Сиротливая ободранная дверь. Общий звонок. Она и забыла, что это утро воскресенья, а когда она еще могла прийти? На работу кто будет ходить — Вася Пушкин? Терпите, ребята! Дверь открыла хмурая женщина в байковом халате с котом на шее.
— Вы к кому? К Ивану? Он еще спит. Паспорт покажите! — Таня молча полезла в сумку. Возвратив документ, женщина бросила, удаляясь в недра коридора: — Подождите на кухне.

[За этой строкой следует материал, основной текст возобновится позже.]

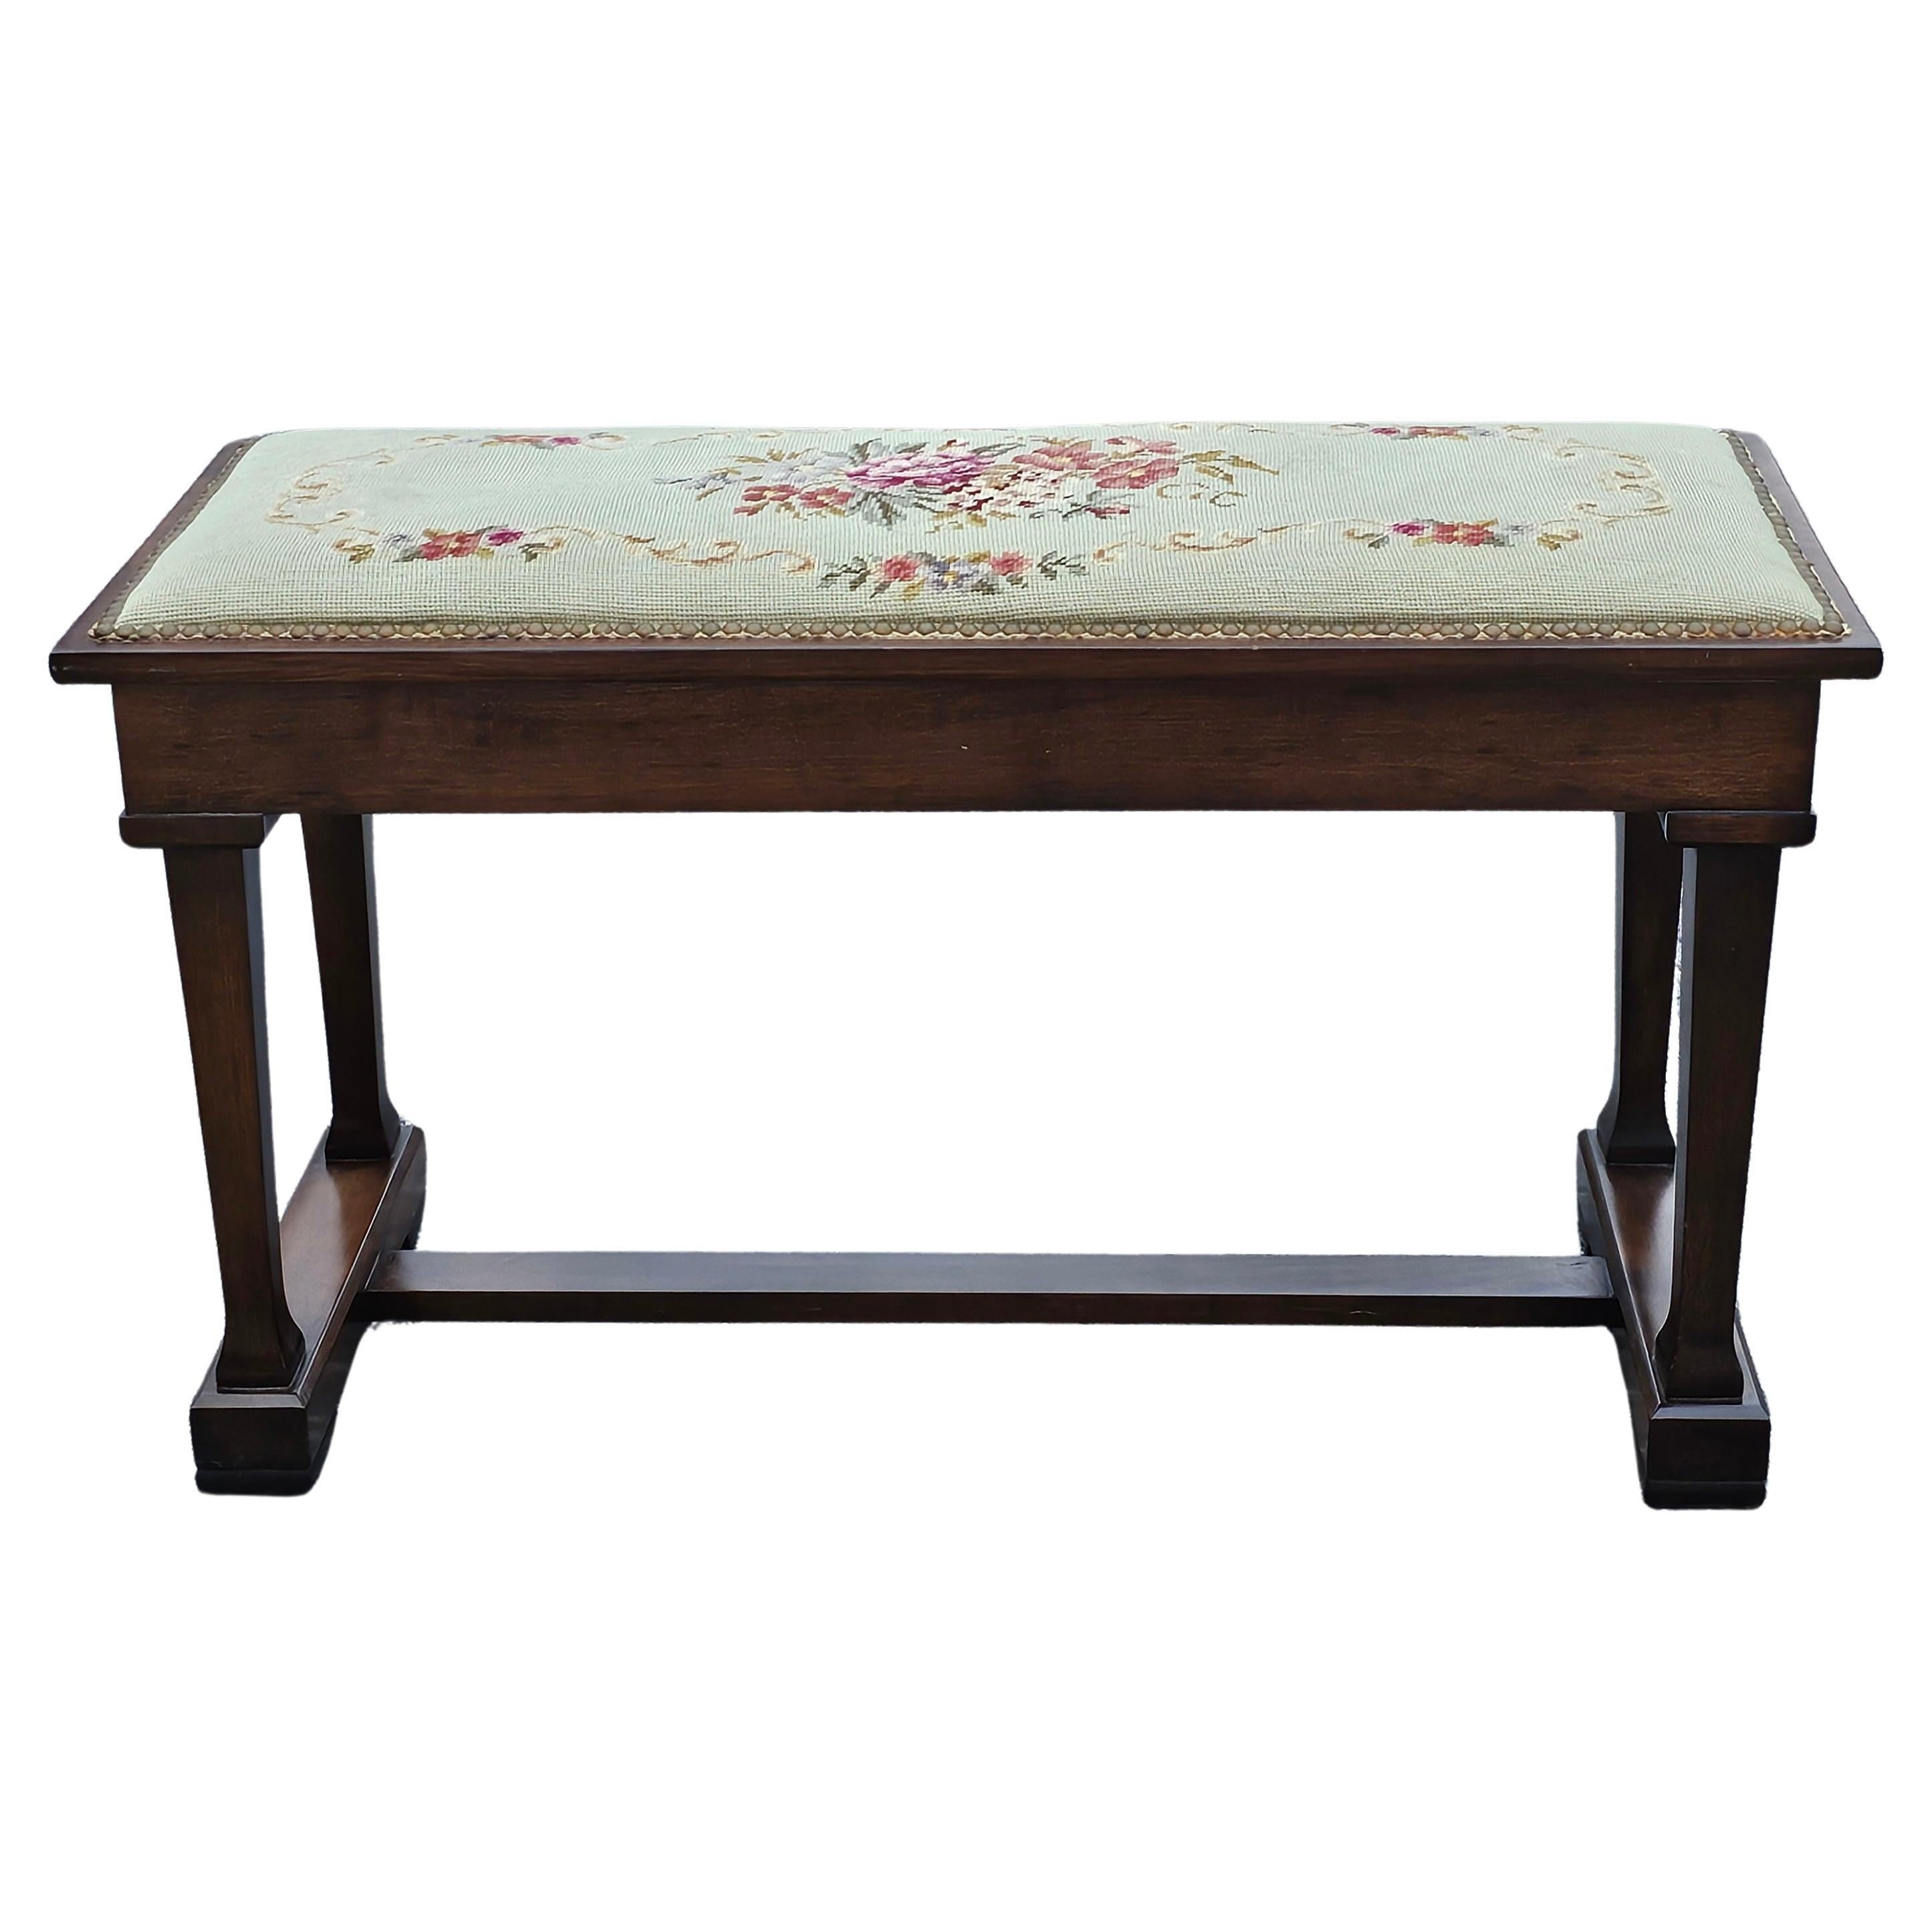 Mid 20th Century Walnut NailHead Trims and Needlepoint Upholstered Trestle Bench For Sale 1

Как в старом кино. Замызганное место — темно-зеленые стены, прокопченный потолок, три хозяйских разделочных стола и один круглый, общий, с затертой клеенкой. Сиротская голая лампочка. По коридору в трусах прошел большой молодой парень, заурчал унитаз, проходя обратно, он бросил: «Щас буду!» Минут через десять вошел в кухню уже одетым в джинсы и футболку. Его лицо и даже плотное тело выражали похмельное страдание. Он взял холодный чайник, закинул над головой, забулькал из железного носика и бухнул его обратно на конфорку.

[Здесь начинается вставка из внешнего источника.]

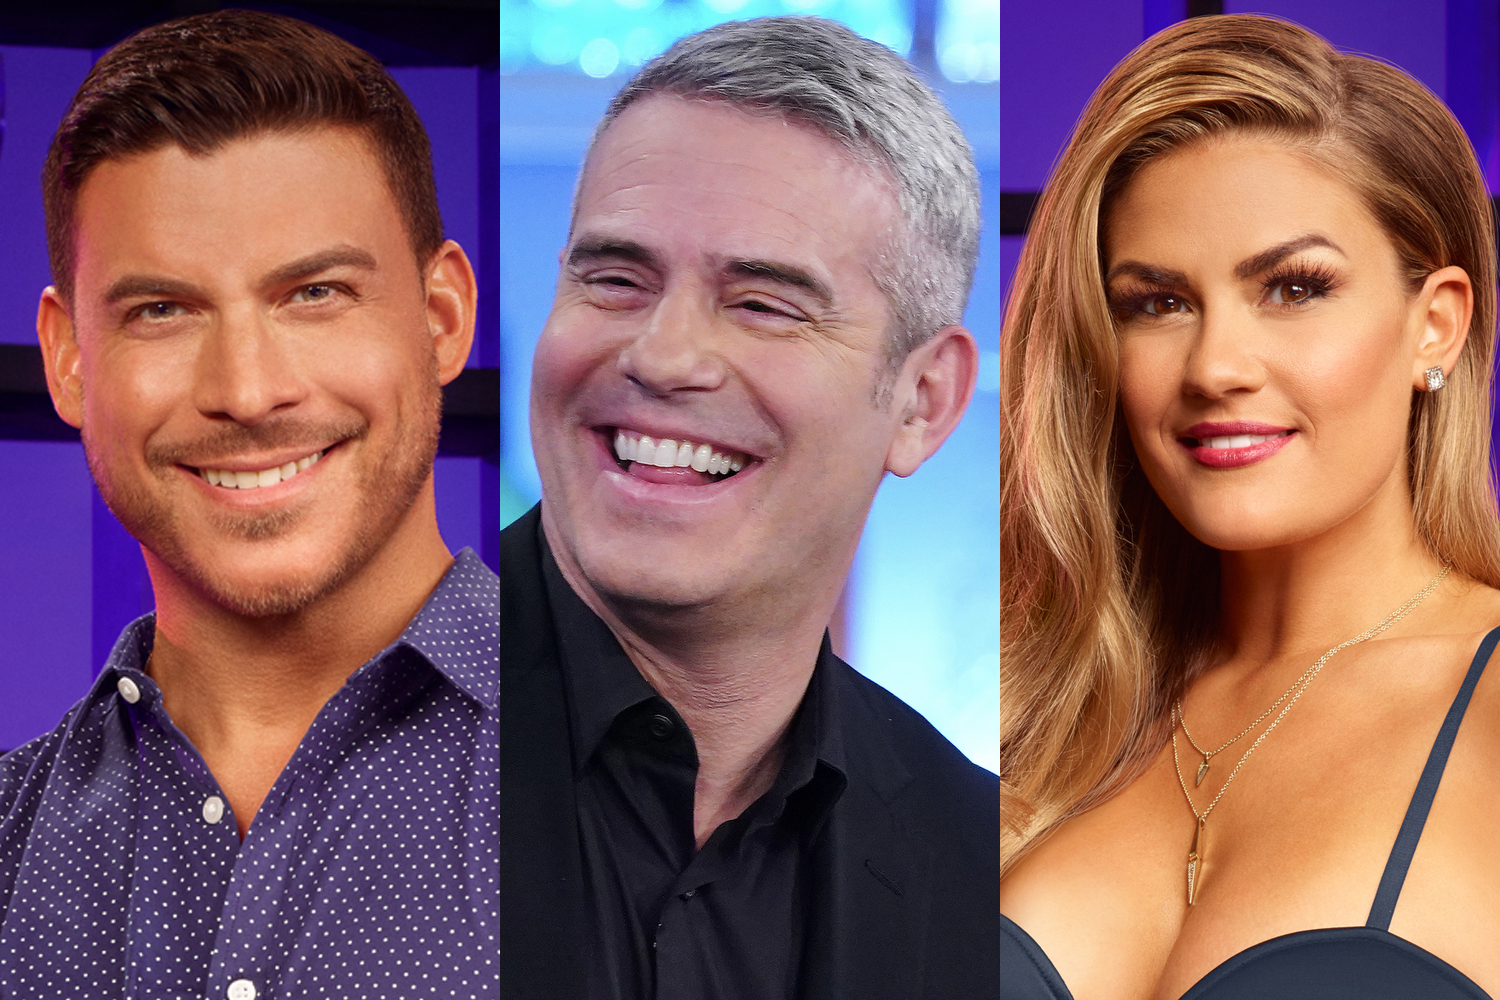 Jax Taylor, Andy Cohen, and Brittany Cartwright

— Иван! — представился он, отдуваясь. — Из Академа? Готовы на обмен? Документы все? У меня одна проблема. — Быстро глянул в ее папку, перевернул листочки. — У нас с бывшей женой ребенок живет в интернате, родился с отклонениями. Нужна справка, что он находится на обеспечении государства, — произнес он официальным тоном. — Я ничего делать не буду.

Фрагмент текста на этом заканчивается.